Architecturally, SantaCoder uses Multi-Query Attention (MQA) for efficient inference and supports Fill-in-the-Middle (FIM) generation, allowing the model to complete and infill code based on context. It employs a 49K BPE tokenizer trained on raw bytes and achieves strong performance on MultiPL-E and HumanEval benchmarks despite being significantly smaller than competing models.

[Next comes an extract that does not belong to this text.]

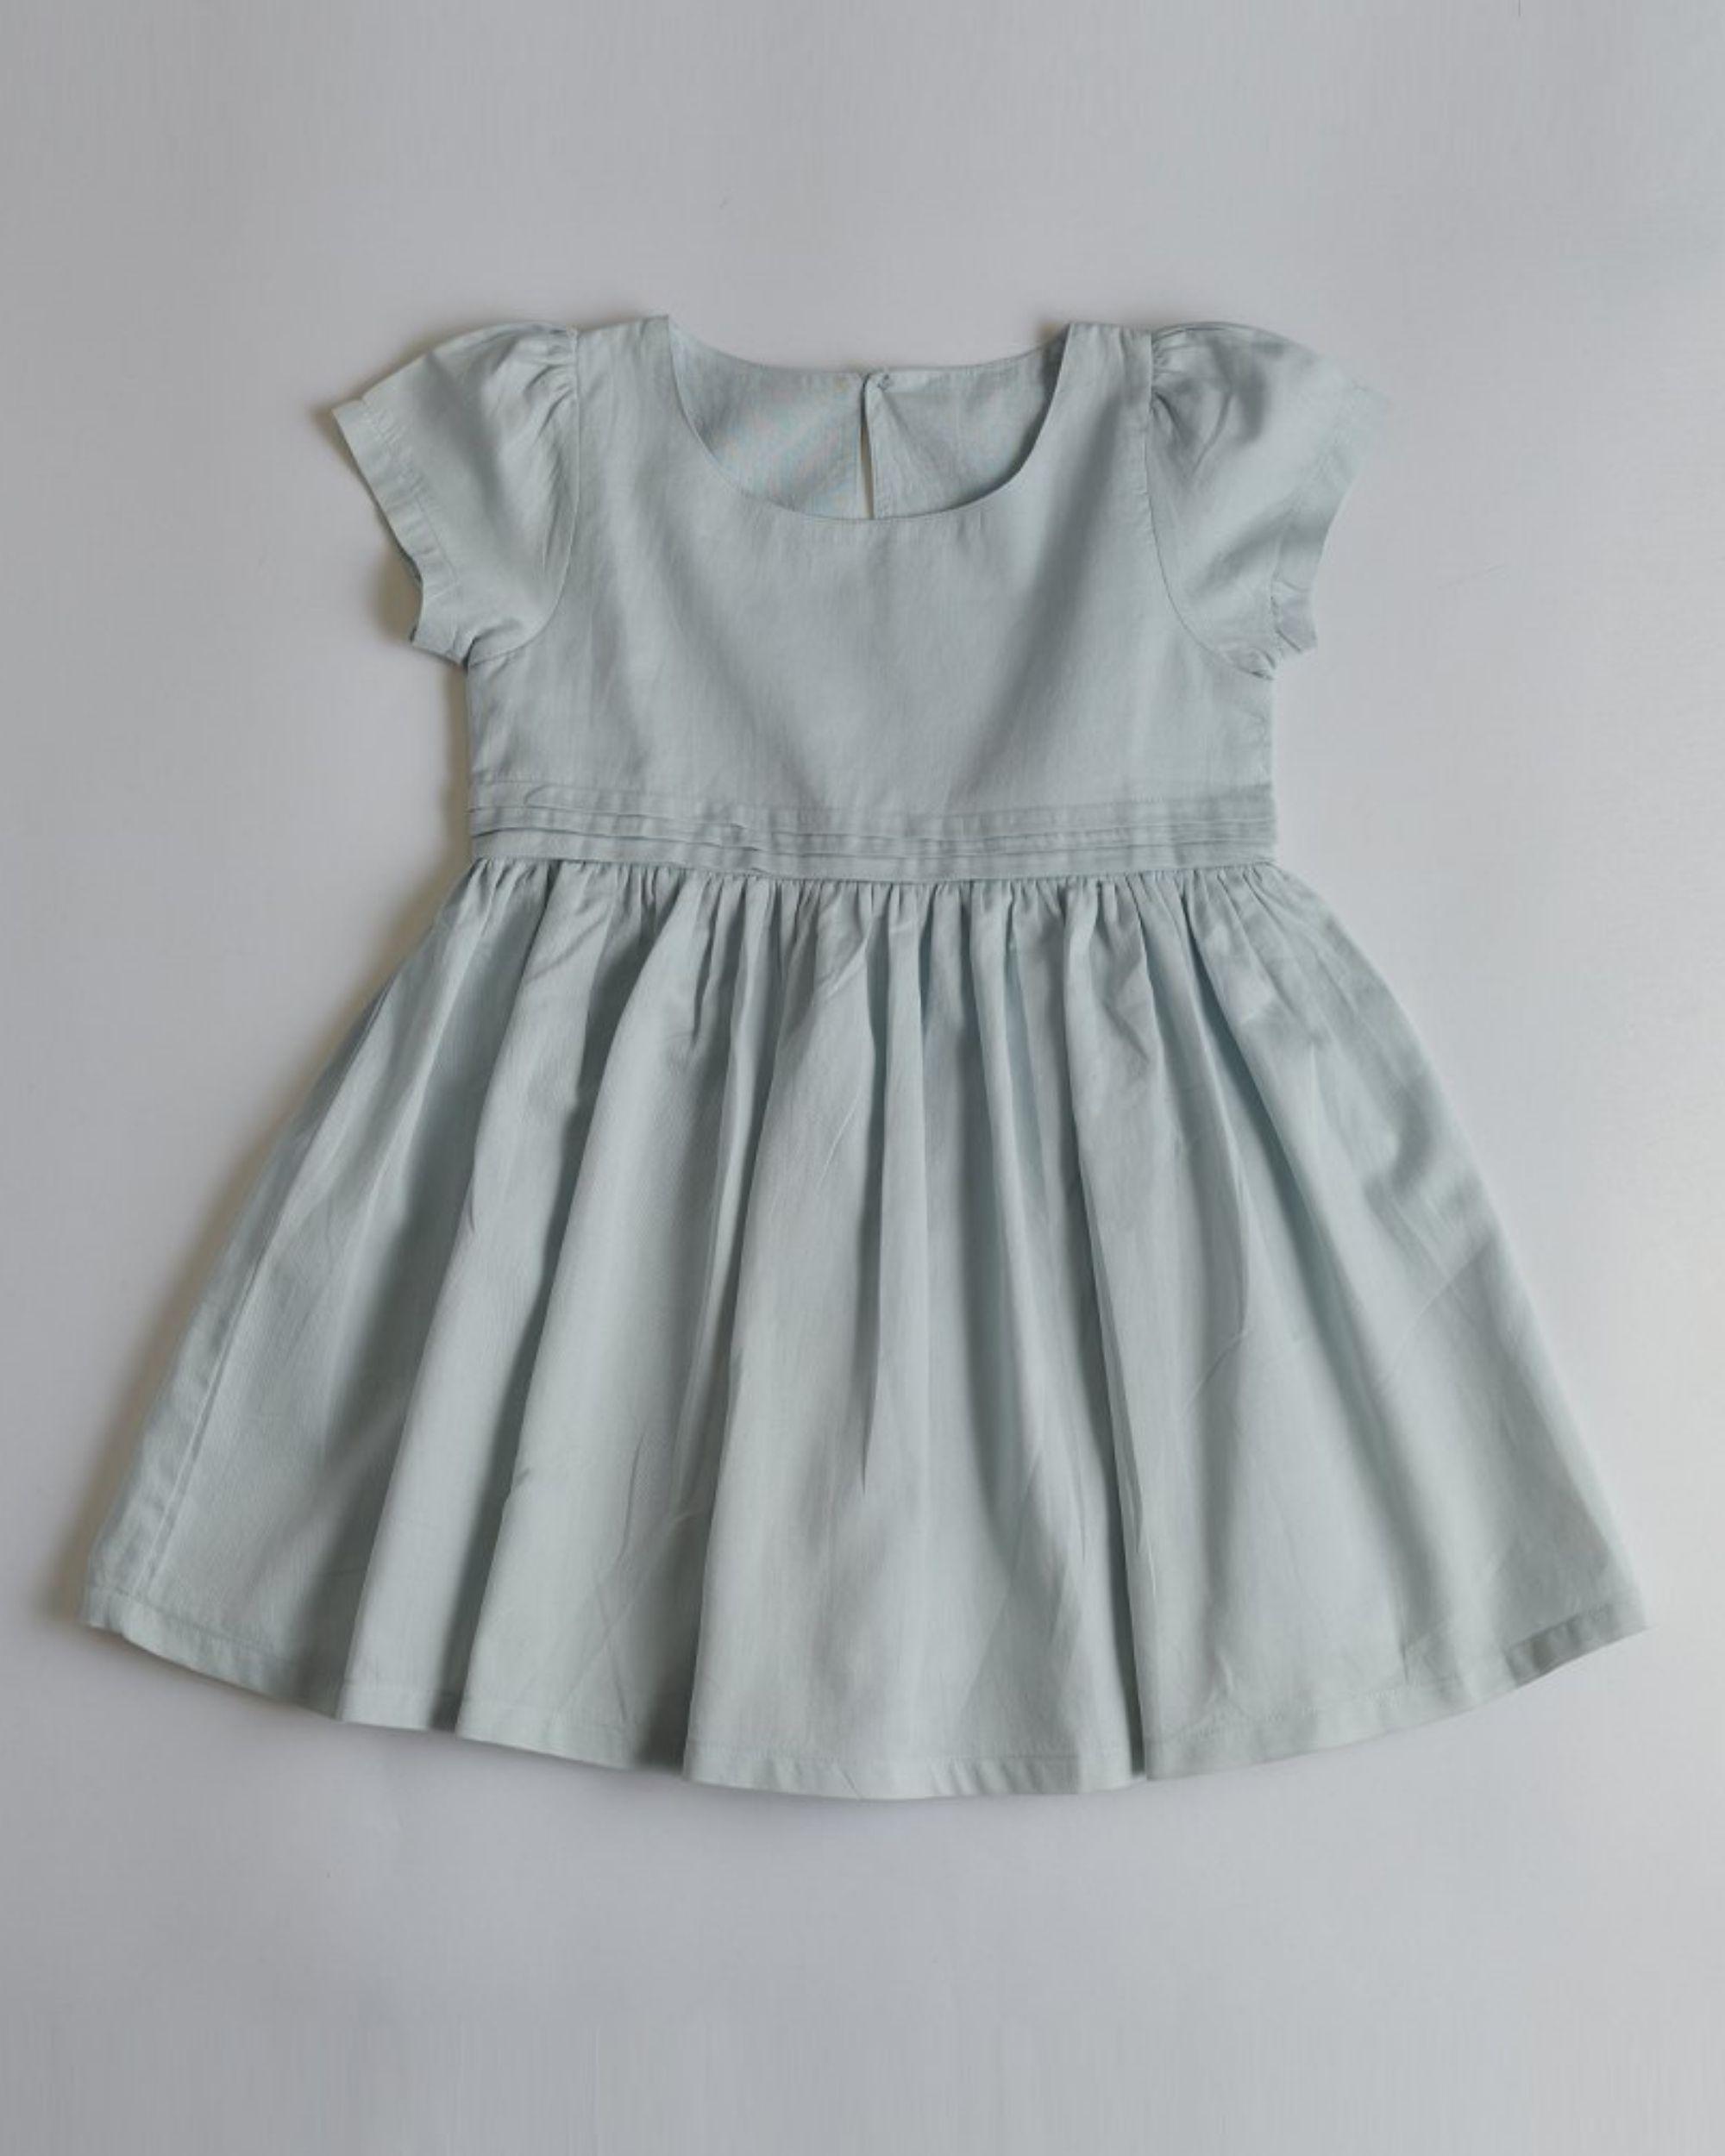 Powder blue panelled dress

SantaCoder is well-suited for code completion, interactive development tools, and multilingual code generation.
Code Structure
The code for this model is located in the /santacoder
directory within ModelZoo. Here’s how it’s organized:
Our implementation of SantaCoder is built on top of our GPT-2 backbone. For more details, see gpt2_model.py
.
Available Configurations
Configuration | Description |
---|---|
params_santacoder_1b.yaml | 1.1B parameter SantaCoder model. |
Workflow
For example workflows using language models from the Cerebras Model Zoo, see our tutorials on pretraining and fine-tuning.
For a complete list of Cerebras ModelZoo CLI commands, see the command reference.
References
- Ben Allal, L., et al. (2023). SantaCoder: Don’t Reach for the Stars!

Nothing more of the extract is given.